Every line below is to be given again precisely; images are to be left out.

Supplied material:
++++++++++
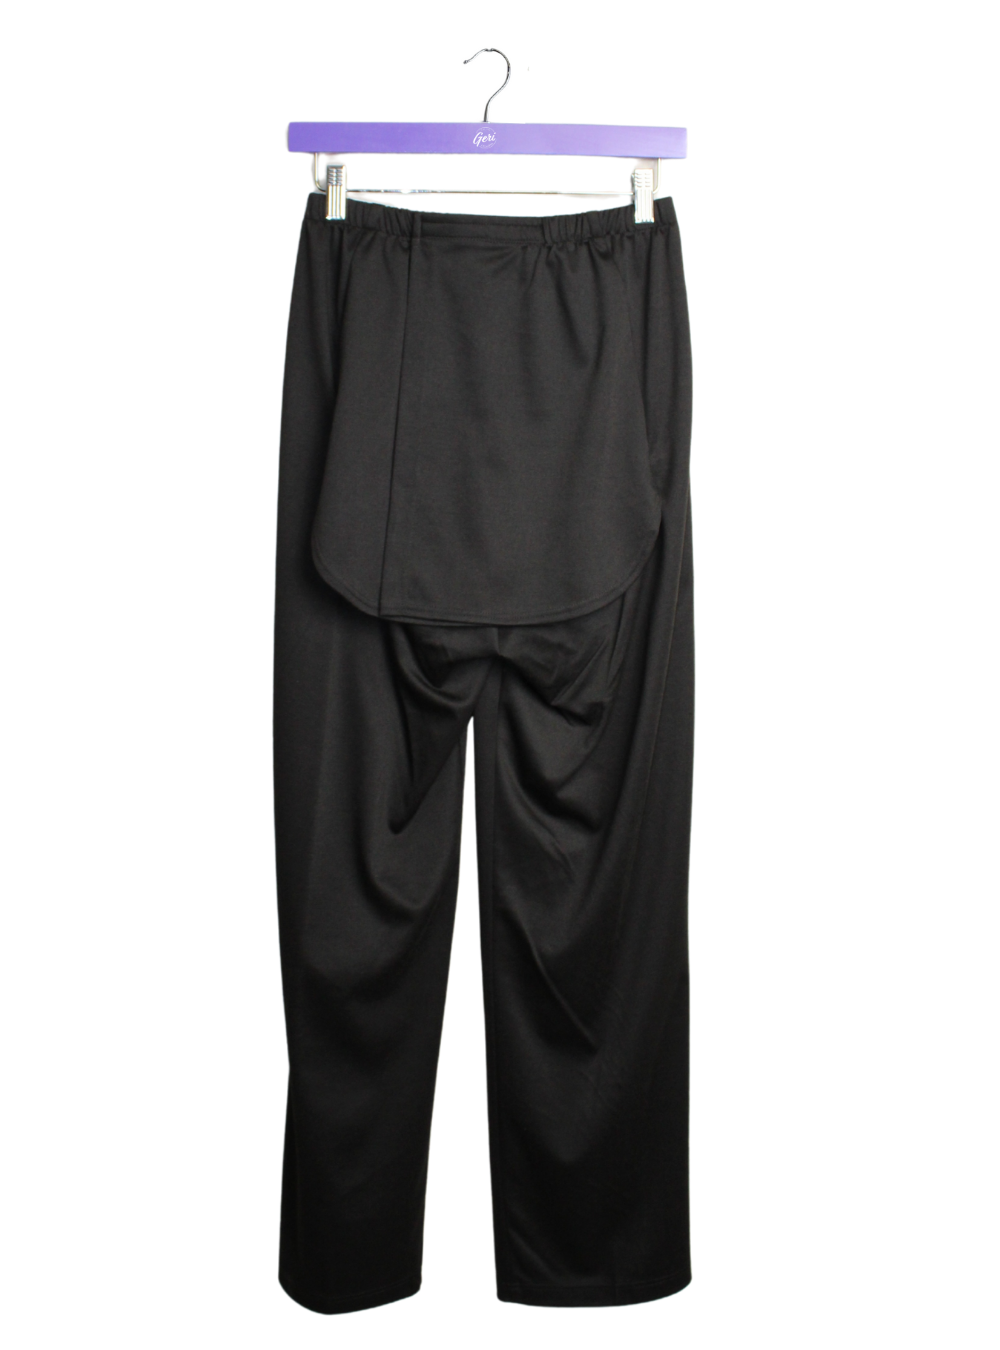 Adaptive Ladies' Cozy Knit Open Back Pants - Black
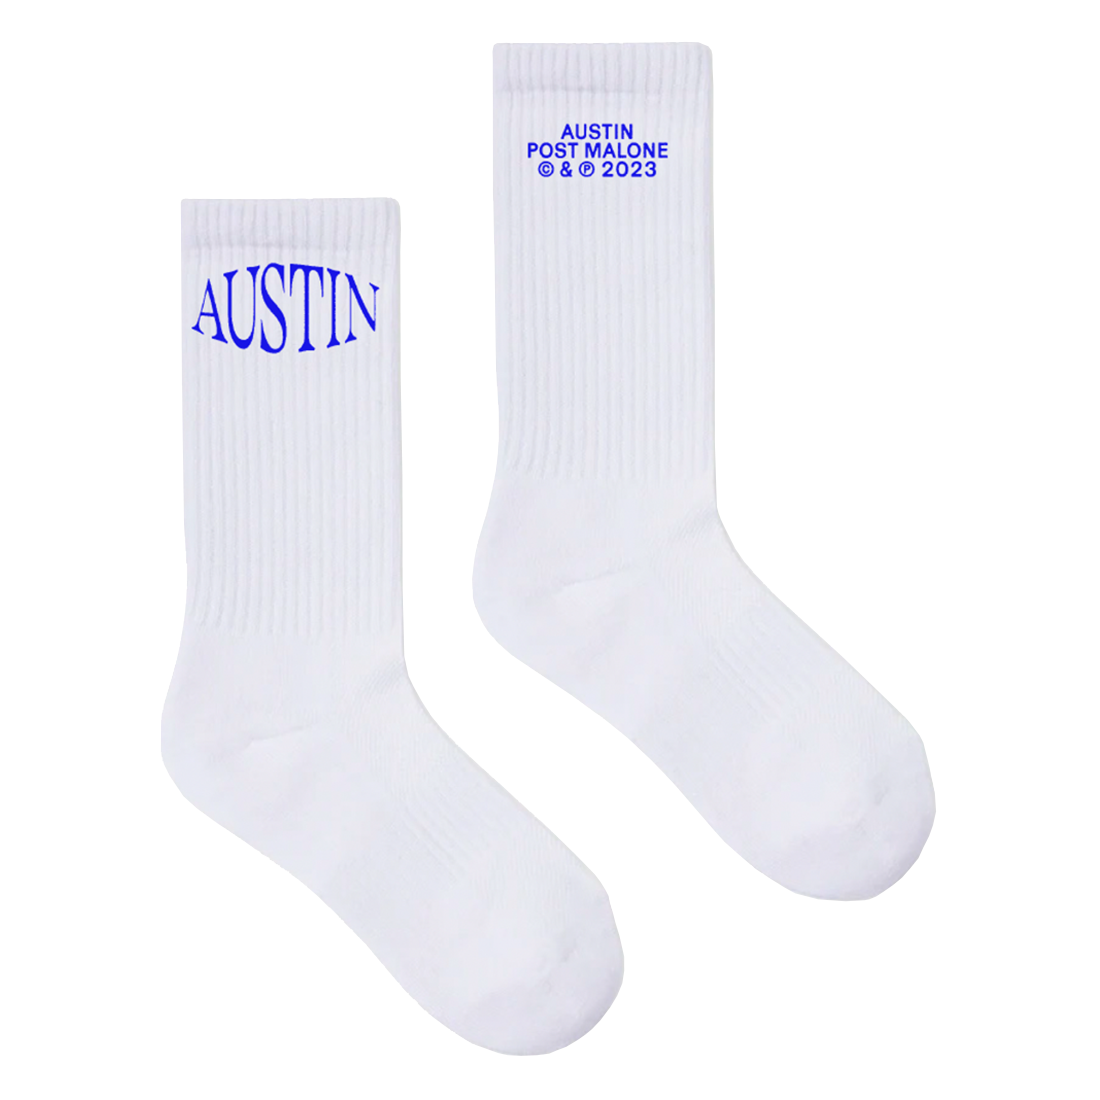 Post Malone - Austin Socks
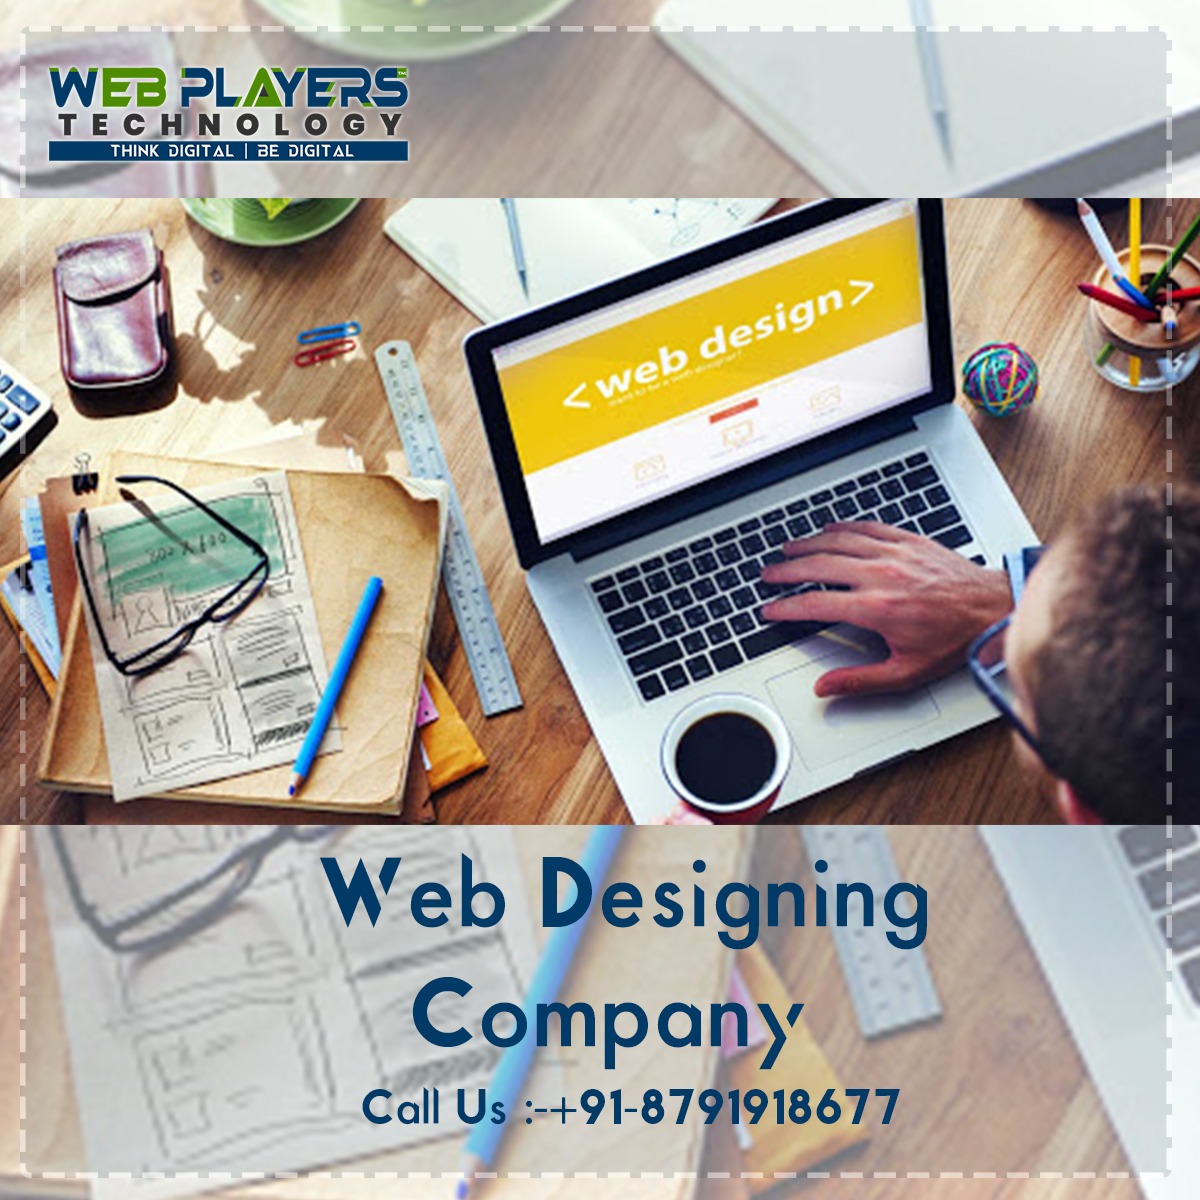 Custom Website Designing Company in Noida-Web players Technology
++++++++++
Answer to the problem:
 Adaptive Ladies' Cozy Knit Open Back Pants - Black
 Post Malone - Austin Socks
 Custom Website Designing Company in Noida-Web players Technology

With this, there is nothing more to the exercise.